Data Processing

Special utilities for Arabic Natural Language Processing (ANLP) for data preprocessing are provided by Yunir.jl, for example on tasks like character dediacritization and character normalization.

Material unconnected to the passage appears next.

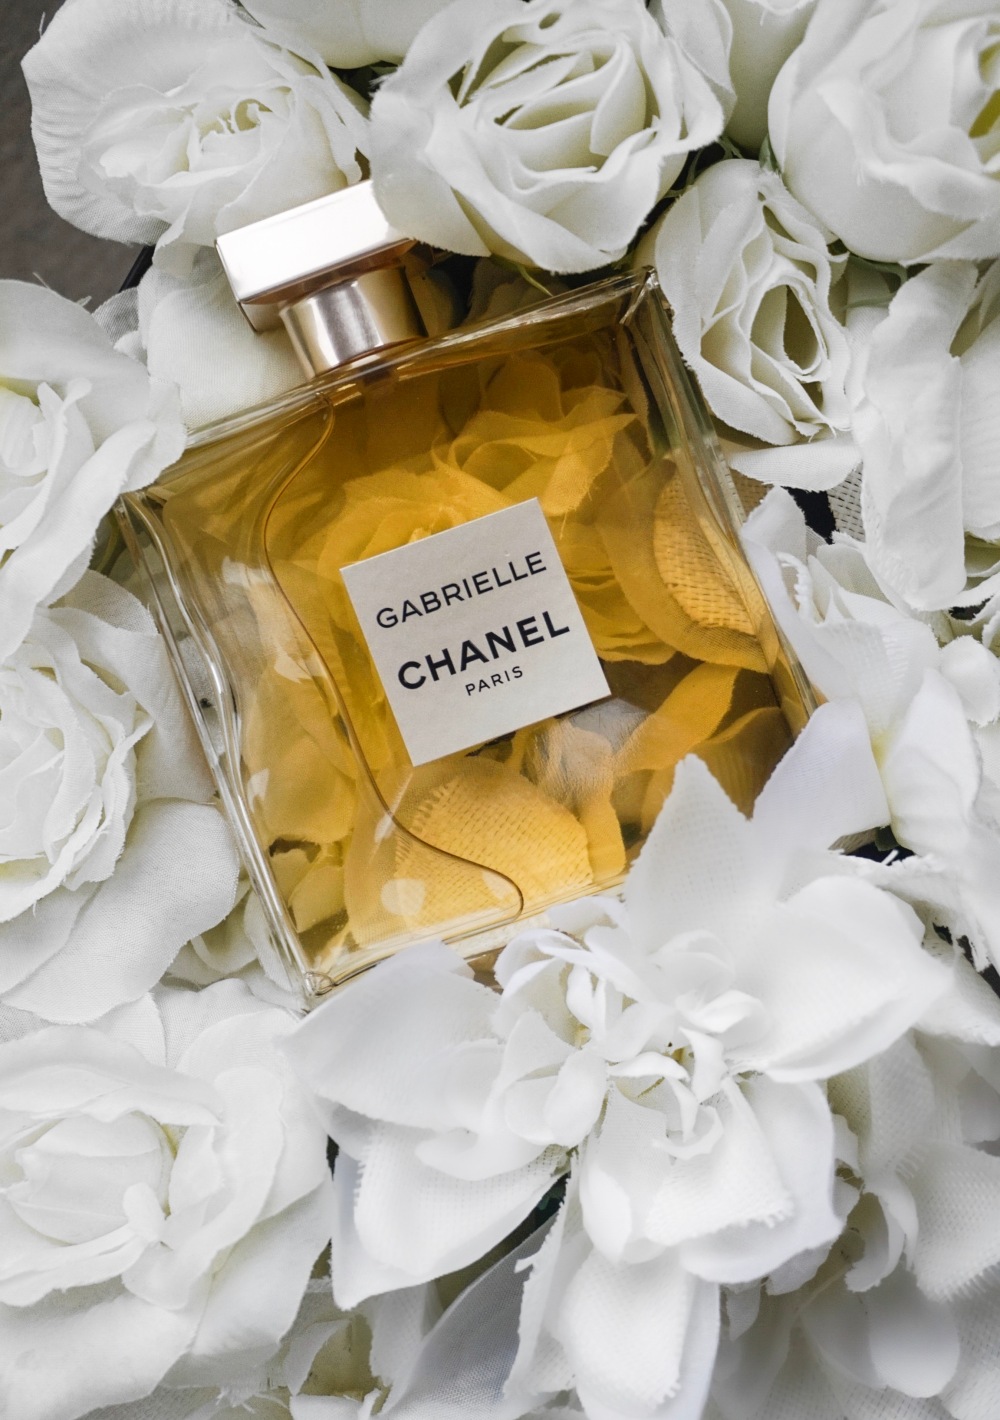 COCO Chanel Mademoiselle Parfum (Gabrielle Chanel) - New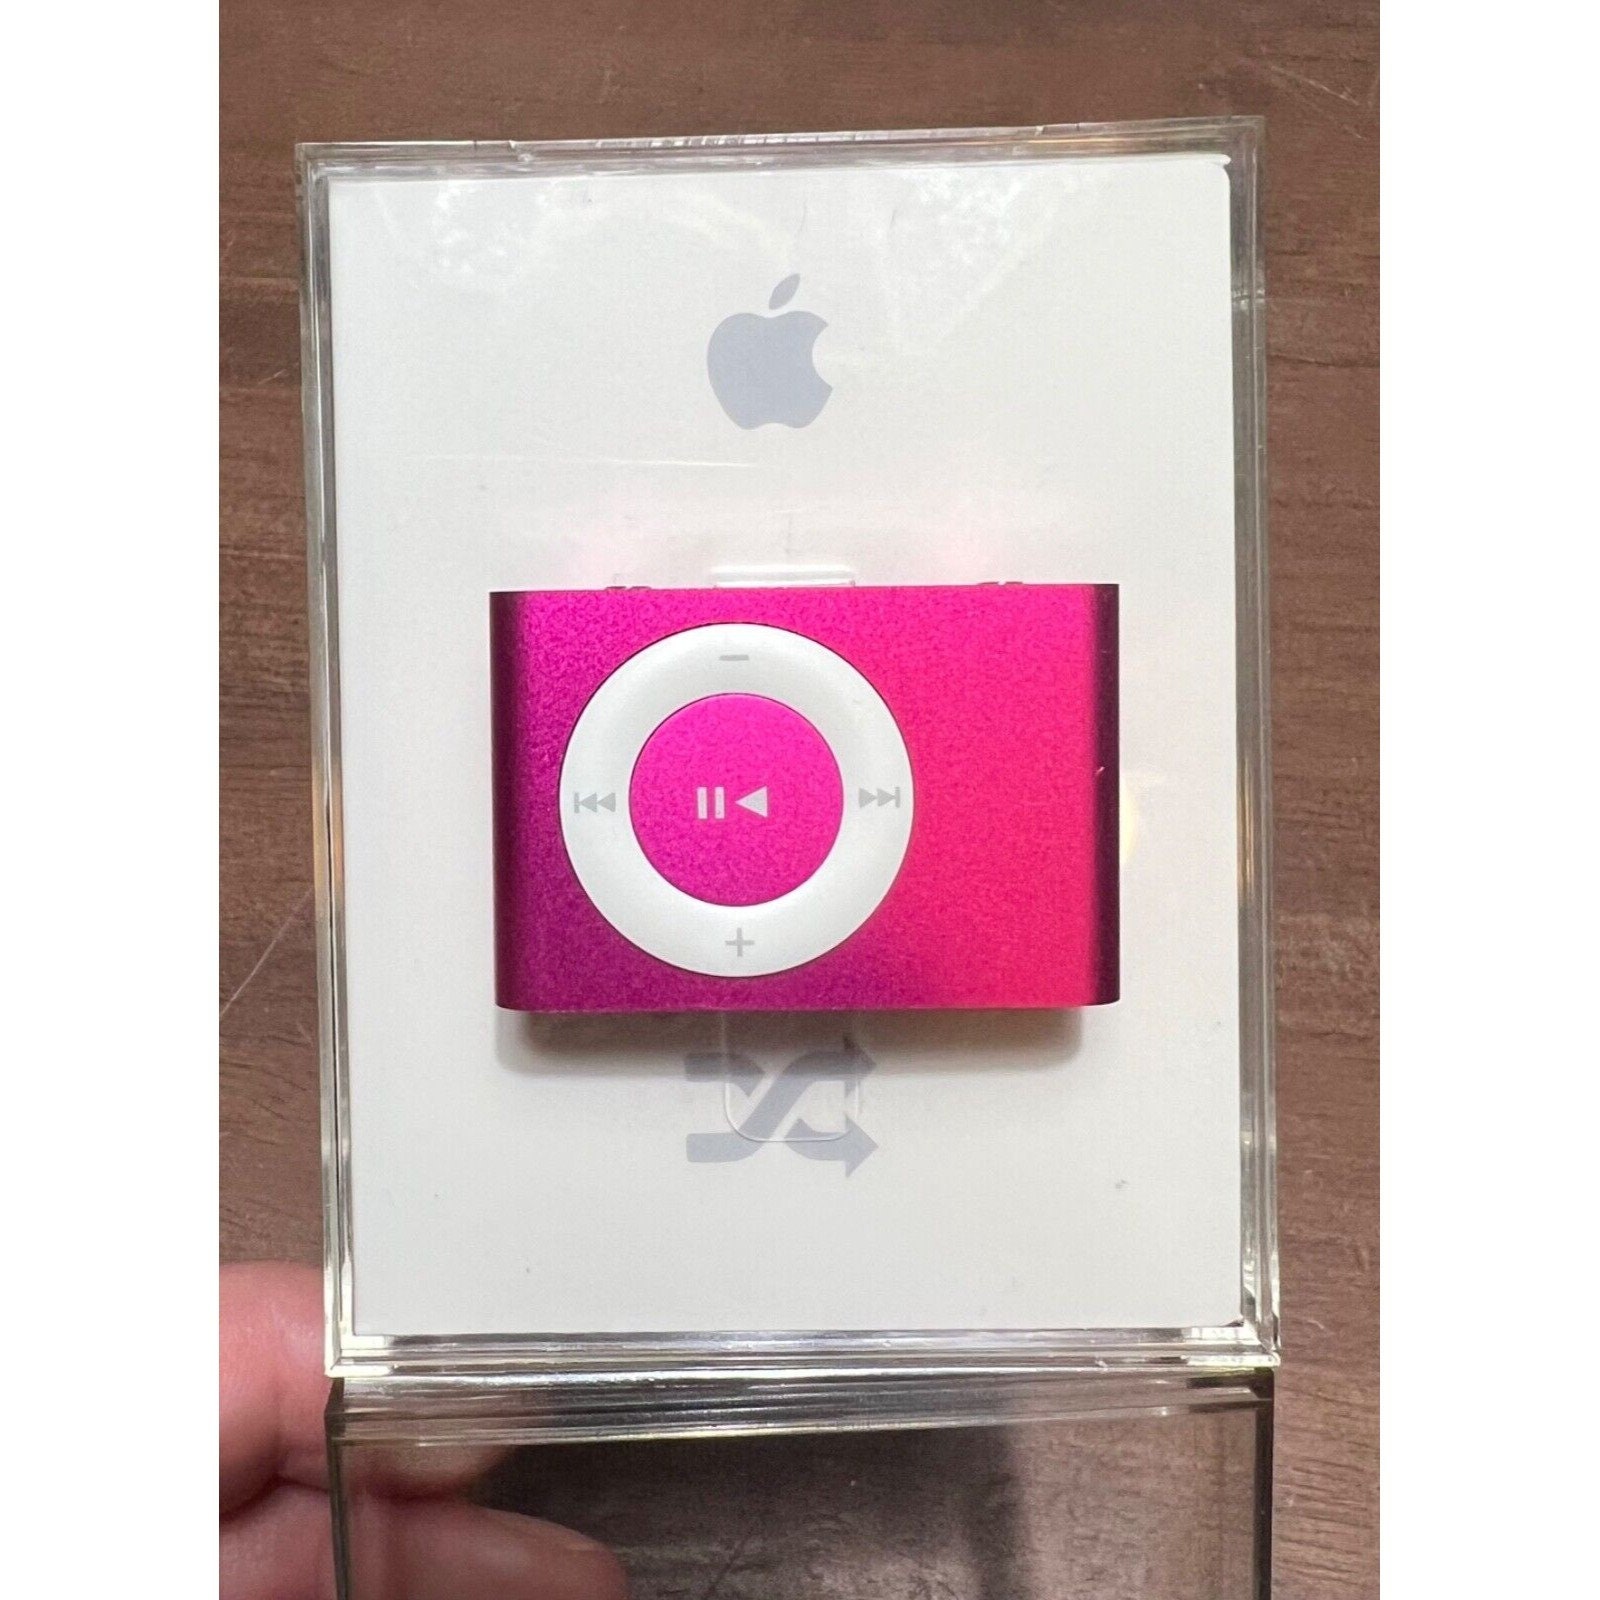 Apple Ipod Shuffle 2nd Generation Pink 1GB A1204 PB811LL/A MP3 new

Character Dediacritization

dediac works for both Arabic, Buckwalter and custom transliterations.

julia> using QuranTree
julia> using Yunir
julia> @transliterator :default
julia> crps, tnzl = load(QuranData());
julia> crpsdata = table(crps);
julia> tnzldata = table(tnzl);
julia> avrs = verses(tnzldata[1][1])[1]"بِسْمِ ٱللَّهِ ٱلرَّحْمَٰنِ ٱلرَّحِيمِ"
julia> dediac(avrs)"بسم ٱلله ٱلرحمن ٱلرحيم"
julia> bvrs = verses(crpsdata[1][1])[1]"bisomi {ll~ahi {lr~aHoma`ni {lr~aHiymi"
julia> dediac(bvrs)"bisomi {ll~ahi {lr~aHoma`ni {lr~aHiymi"
julia> dediac(avrs) === arabic(dediac(bvrs))false

Custom transliteration is also dediacritizable as shown below,

julia> old_keys = collect(keys(BW_ENCODING));
julia> new_vals = reverse(collect(values(BW_ENCODING)));
julia> my_encoder = Dict(old_keys .=> new_vals);
julia> @transliterator my_encoder "MyEncoder"
julia> encode(avrs)"rjsFKj 3,,v1Yj 3,bv1}FK1\"#j 3,bv1}j]Kj"
julia> arabic(encode(avrs))"بِسْمِ ٱللَّهِ ٱلرَّحْمَٰنِ ٱلرَّحِيمِ"
julia> dediac(encode(avrs))"rjsFKj 3,,v1Yj 3,bv1}FK1\"#j 3,bv1}j]Kj"
julia> arabic(dediac(encode(avrs)))"بِسْمِ ٱللَّهِ ٱلرَّحْمَٰنِ ٱلرَّحِيمِ"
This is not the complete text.